GC13

THE GRANT

The goal of this project is to develop methods to track disparities in the effective delivery of interventions throughout the state of Washington in order to improve population health.

The National Institute on Aging (NIA)

Principal Investigators:

Stephen Lim
Christopher J.L. Murray

Tracking Disparities in the Effective Delivery of Health Services

Health systems improve the health of populations in part by delivering high-quality interventions to those who need them. Policymakers, managers, and providers of health services at all levels frequently demand to know how well they are accomplishing this task and to what effect. Two different metrics integrate aspects of intervention delivery to allow comparisons across interventions, individuals, and populations – coverage and effective coverage.

Frequently in the US, health services are provided by, and the responsibility of, local government. In many instances, this is the county government. Counties and the populations within them differ markedly from one another, as do the counties' health systems performance. The goal of this project is to develop, apply, and refine methods that enhance the ability to track disparities in the effective delivery of interventions to improve population health. To do so, IHME needs a test area in which to work.
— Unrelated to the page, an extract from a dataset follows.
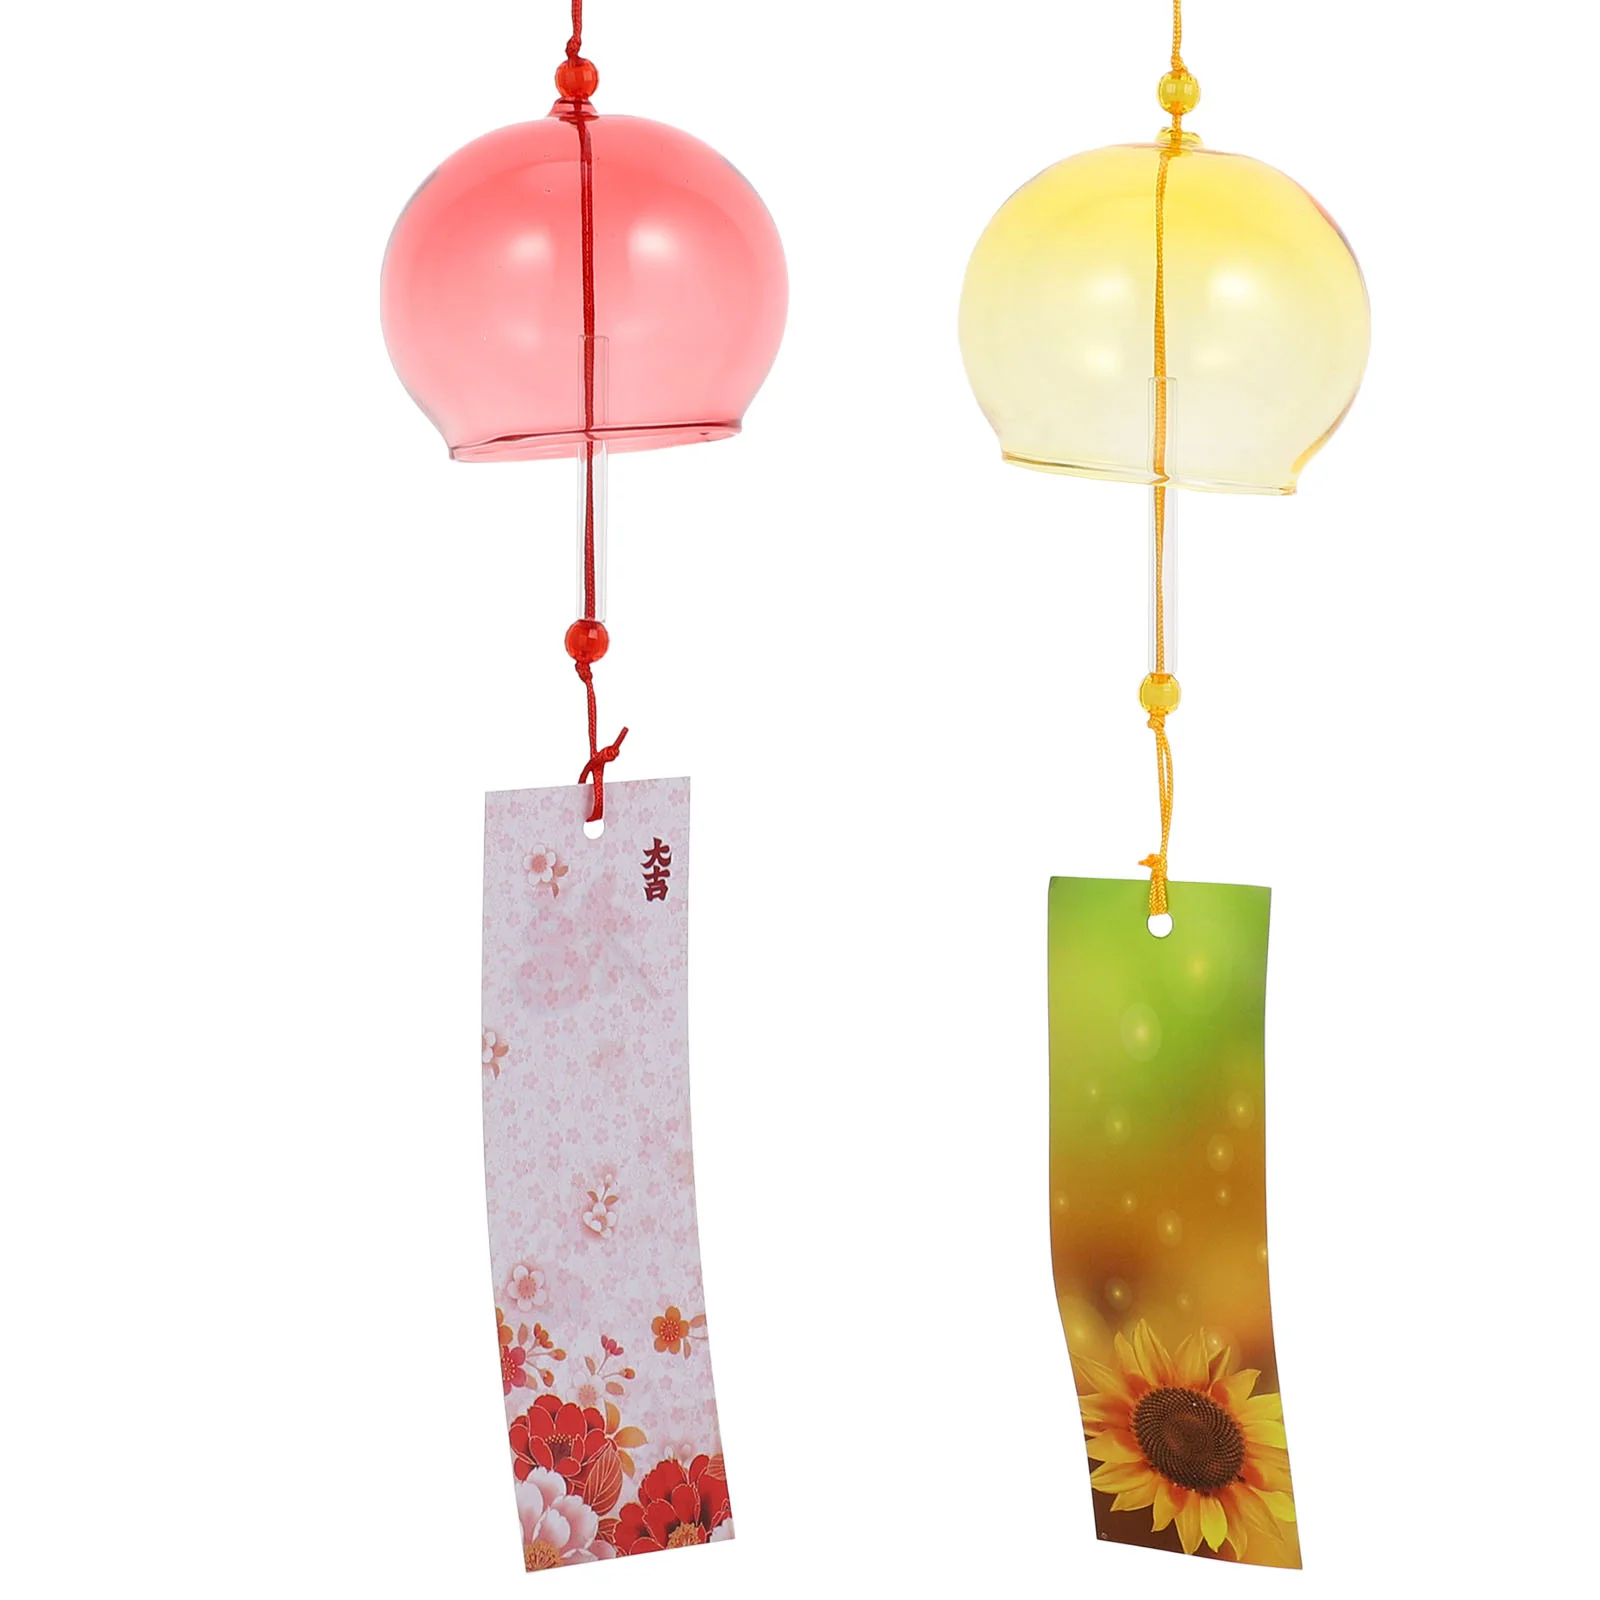 

4 шт. подвески для балкона, стеклянные ветряные колокольчики в японском стиле, подвесные украшения, ярлыки, креативные бумажные декорации

In this project, we will use all available data to estimate the coverage and effective coverage of a range of key health interventions for each of the 39 counties in the state of Washington and examine trends from 2002-2007. These 39 counties represent a diverse array of subpopulations and differ in terms of overall population, racial/ethnic makeup, and socioeconomic status. Interventions to be studied range from inpatient management of major diseases – including myocardial infarction and stroke – to outpatient management of risk factors such as using lipids to control high blood pressure or screening for major cancers. The state of Washington is our test case for several reasons, including the fact that the state has a robust reporting system for data collection at the hospital level and has several centrally orchestrated data sources that complement federal data collection efforts. This provides us a data-rich environment in which to perform analyses and refine techniques to achieve the most reliable and high-caliber results.
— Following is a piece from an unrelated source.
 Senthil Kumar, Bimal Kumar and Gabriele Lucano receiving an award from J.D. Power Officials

From this test environment, we aim to develop a set of standardized tools and protocols that can be used as a template for estimating effective coverage in other settings. These tools can then be applied to estimate effective coverage of key interventions in all US counties and in international settings to estimate effective coverage at the subnational level.

Defining Coverage

In the US, the term coverage often refers to insurance coverage – the fraction of the population that has health insurance. Intervention coverage captures the utilization of a given intervention by the population in need. Effective coverage adds a third critical component – quality, defined by the fraction of the optimum health gain realized by those receiving the intervention. For example, if 80 out of 100 children receive measles vaccinations, but only 90% of those 80 children are effectively protected against measles, then the intervention coverage would be 80%, but effective coverage would be 72% (90% quality multiplied by 80% intervention coverage). This same logic can be extrapolated to the health system as a whole, taking into account a range of interventions aimed at addressing prevalent health needs across the population, and used to calculate a comprehensive, system-level effective coverage assessment.

Relevant Technical Points

From a technical standpoint, we will identify three population-based components:

  1. The population in need of an intervention.
  2. Utilization of the intervention among the population in need.
  3. The quality of the intervention, defined as the fraction of the optimum health gain realized by those receiving the intervention.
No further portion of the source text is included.